We open with my “interview” of Columbia’s Ross Posnock about his brilliant new book, Renunciation: Acts of Abandonment by Writers, Philosophers, and Artists. I put the word in quotes because I sent Ross those questions and got back a kind of manifesto.
Next is a review of Lee Konstyantinou’s book by Ben Parker, who has recently been appointed at Brown. It—the review—is a remix of themes from modern social theory that reminds us of the young Zizek, the guy who gave us the best readings of Hegel since Royce, Wahl, and Kojeve. Then, speaking of Zizek, another review—by Gabrielle Dacosta of Jeremy Glick’s new book, Black Radical Tragic, which takes us back to Eric Williams and C. L. R. James, but also forward, toward Cedric Robinson. (Zizek reviewed the book for the LA Review.)
You could say that what follows is a debate about the meanings of technology along the lines Jonathan Franzen and Teddy Wayne have recently proposed, whereby machines—particularly those “personal devices,” and especially cell phones—are mere distractions from reality, more fodder for false consciousness, even threats to what is called thinking.

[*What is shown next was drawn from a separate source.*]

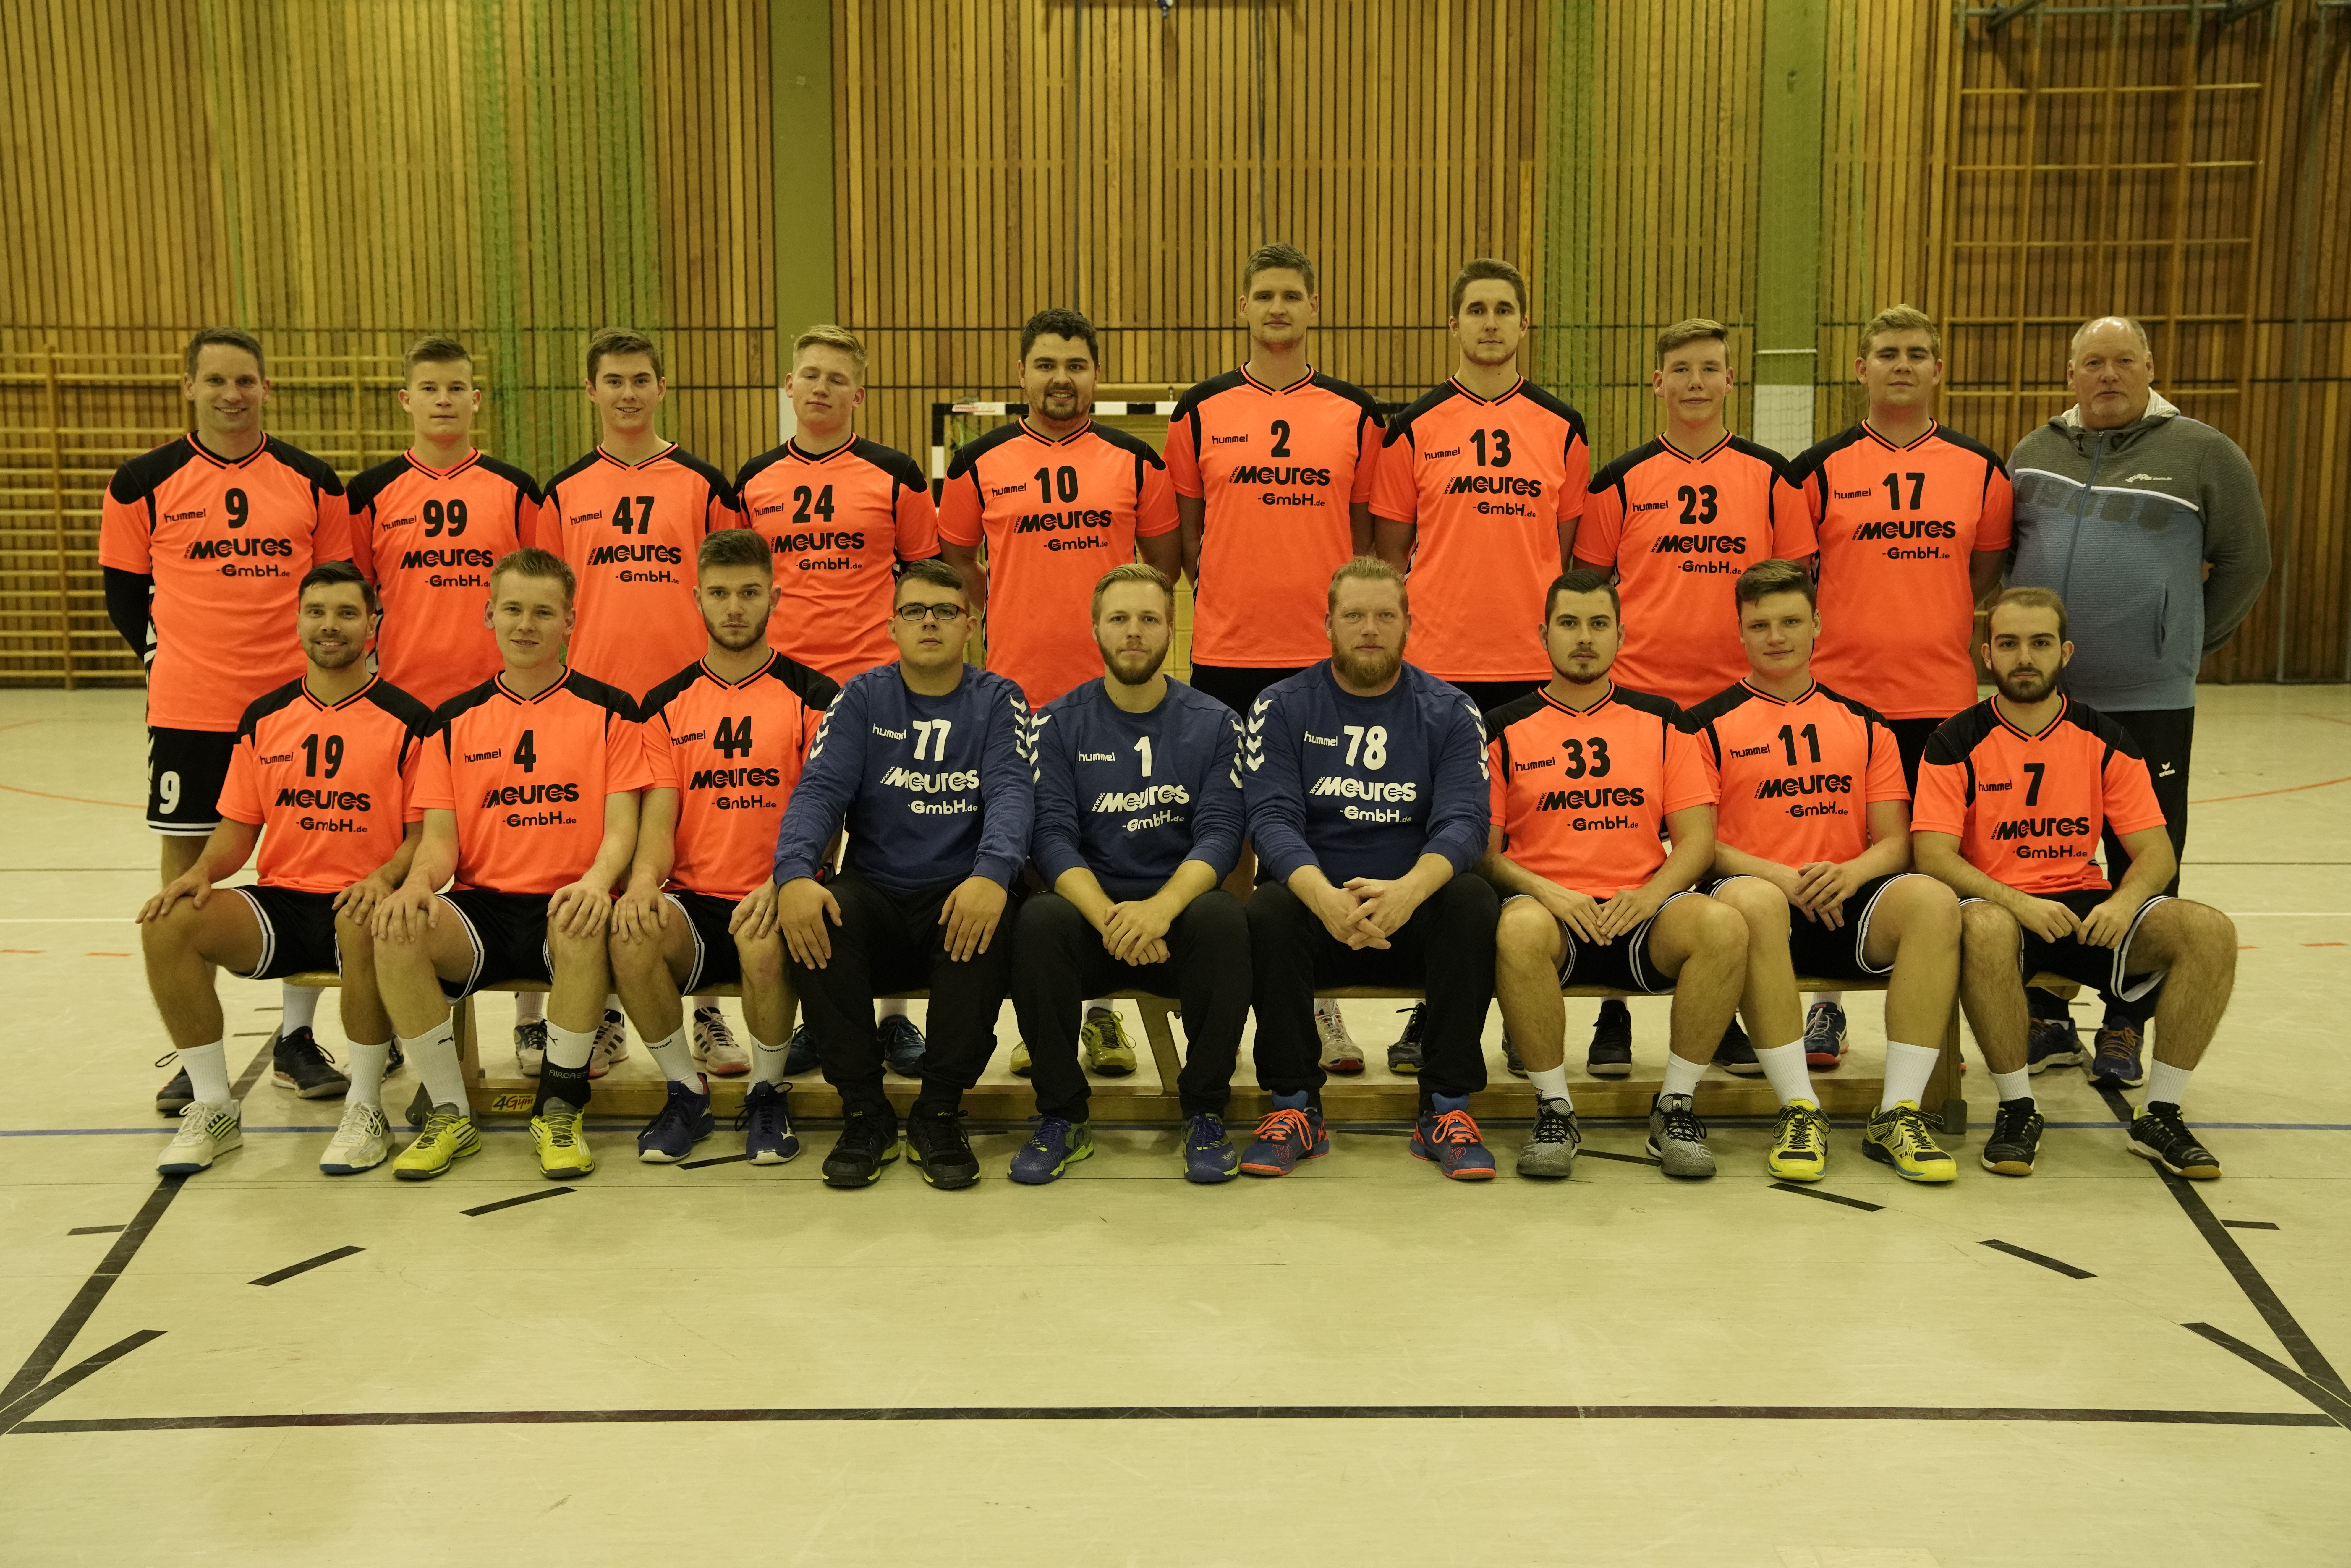 https://tus-nordenstadt-handball.de/wp-content/uploads/2021/09/DSC8988.jpg

But R.H. Lossin and Philip Polefrone are, oops, smarter than that. They both refuse the either/or choice of for or against technology, because they both assume we think with machines, and have been doing so for centuries.
The next two pieces explore the very possibility of Jewishness in the shadow of Gaza, the West Bank settlements, and BDS. Corey Robin writes thoughtfully and hilariously about taking his daughter to see Fiddler on the Roof, Tammy Kremer writes seriously, also hilariously, about Zionism as a kind of Eros, a productive form of nostalgia, reminding us of our associate editor’s documentary.

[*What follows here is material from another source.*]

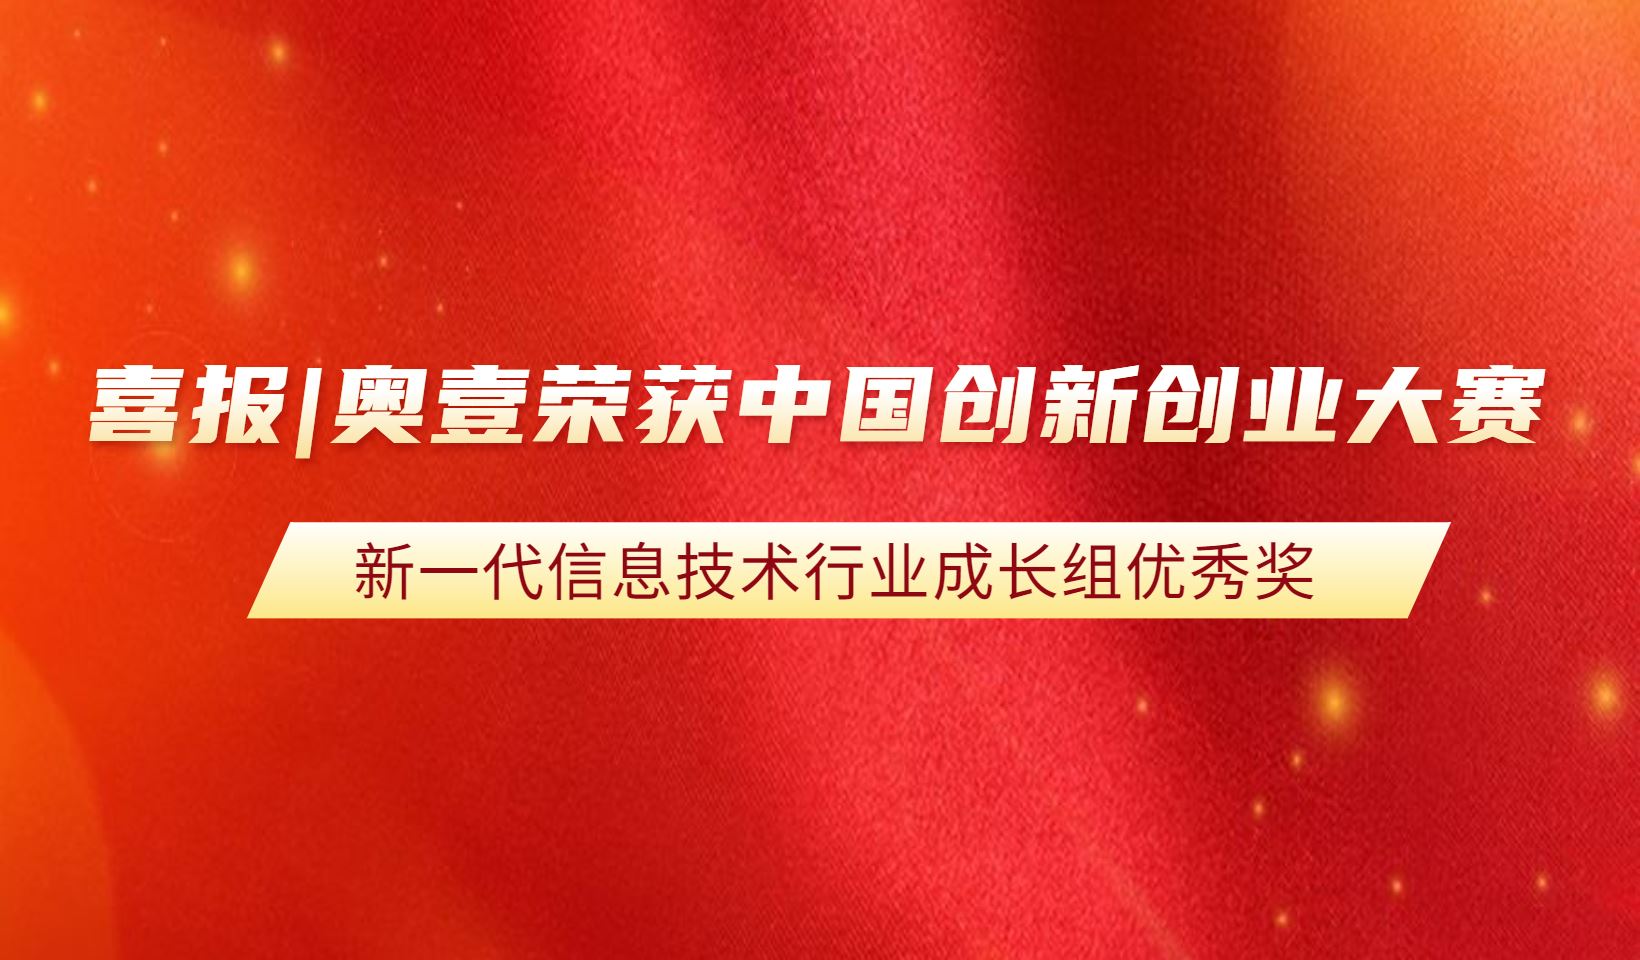 喜报|奥壹荣获中国创新创业大赛“新一代信息技术行业成长组优秀奖”

Maggie Gray and Bruce Robbins, that associate editor, follow with very different essays on the nature of atrocity, or, to lower the volume, mere suffering. Gray shows us how farmworkers are still fighting, after all these years, for recognition of their humanity and for the dignity of their labor—wait, as if there’s a difference! It’s a beautiful photo album and a smart catalog worthy of an art exhibit.
Robbins writes quietly about another kind of atrocity, which is the possibility that self-immolation, or at least effacement, waits on the other side of identification with the oppressed when it turns into accusation of yourself. As always, he writes with an economist’s ear—but one that started out as tin and graduated to a heavier metal. Who, he asks, is the beneficiary of self-abnegation?
We end with three items that engage our sensorium differently One, by Jill Godmilow, is an approach to Citizenfour, both the movie and the Guggenheim exhibit, which combines sentences and photos to multiply the meanings of surveillance, almost to the point of unbearable. Another is what the performer Evan Rowe calls “The Livingston Rap” on Donald Trump. My lyrics, his track and voice.
We conclude with my confession. “I Am A Vampire.”